FDA trains staff to detect fake products


The Food and Drugs Authority (FDA) has identified ignorance on the part of consumers as one of the constraints to the fight against counterfeit food and medical products in the country.

It noted that not knowing the dangers of using sub-standard, spurious, falsified, falsely-labelled counterfeit (SSFFC) products, consumers highly patronised those products.

The Chief Executive Officer of the FDA, Mr Hudu Mogtari, who expressed the concern, said consumers, therefore, needed intensive education about counterfeit medical products and unwholesome food substances.

Training programme
Mr Mogtari was speaking at the opening ceremony of a capacity-building programme organised by the FDA for its staff to enable them to detect counterfeit food and medical products.

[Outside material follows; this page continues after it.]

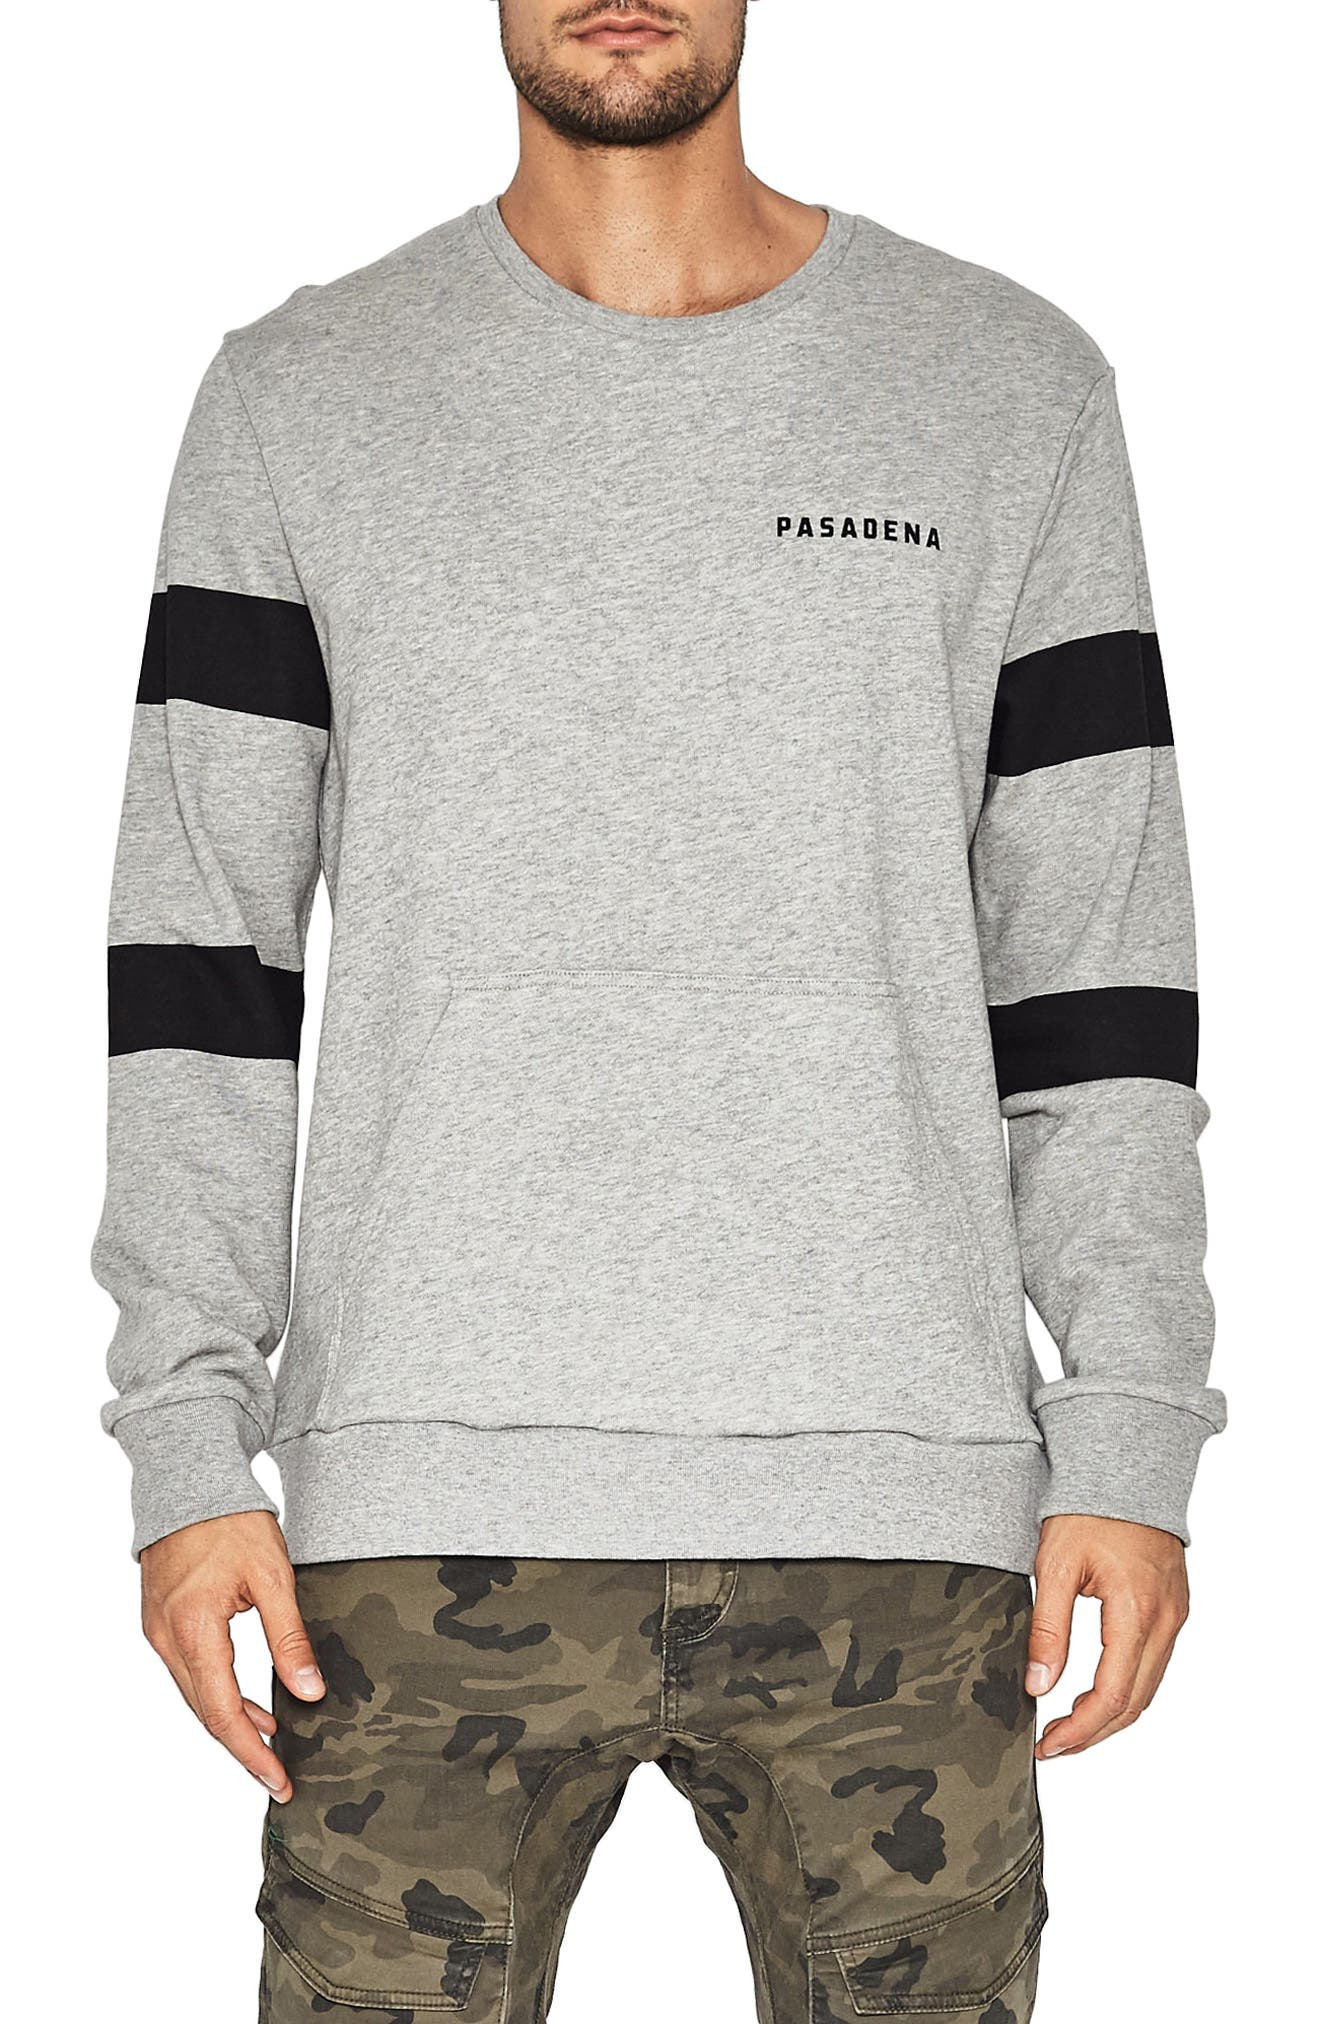 Turbo Hawk Sweatshirt,                         Main,                         color, Grey Marle

The programme, which was on the topic “Intelligence gathering and analysis on fake and substandard food and medical products,” formed part of measures being taken by the authority to reduce the menace of counterfeit and substandard food and medical products in the country.

The programme was sponsored by the Canadian International Development Agency (CIDA) and the Capacity Development Mechanism Secretariat of the Ministry of Finance.

Mr Mogtari described the programme as timely and crucial in equipping the staff of the FDA with the needed skills and knowledge for the task, since counterfeiters had upgraded their skills and activities, making detection very difficult.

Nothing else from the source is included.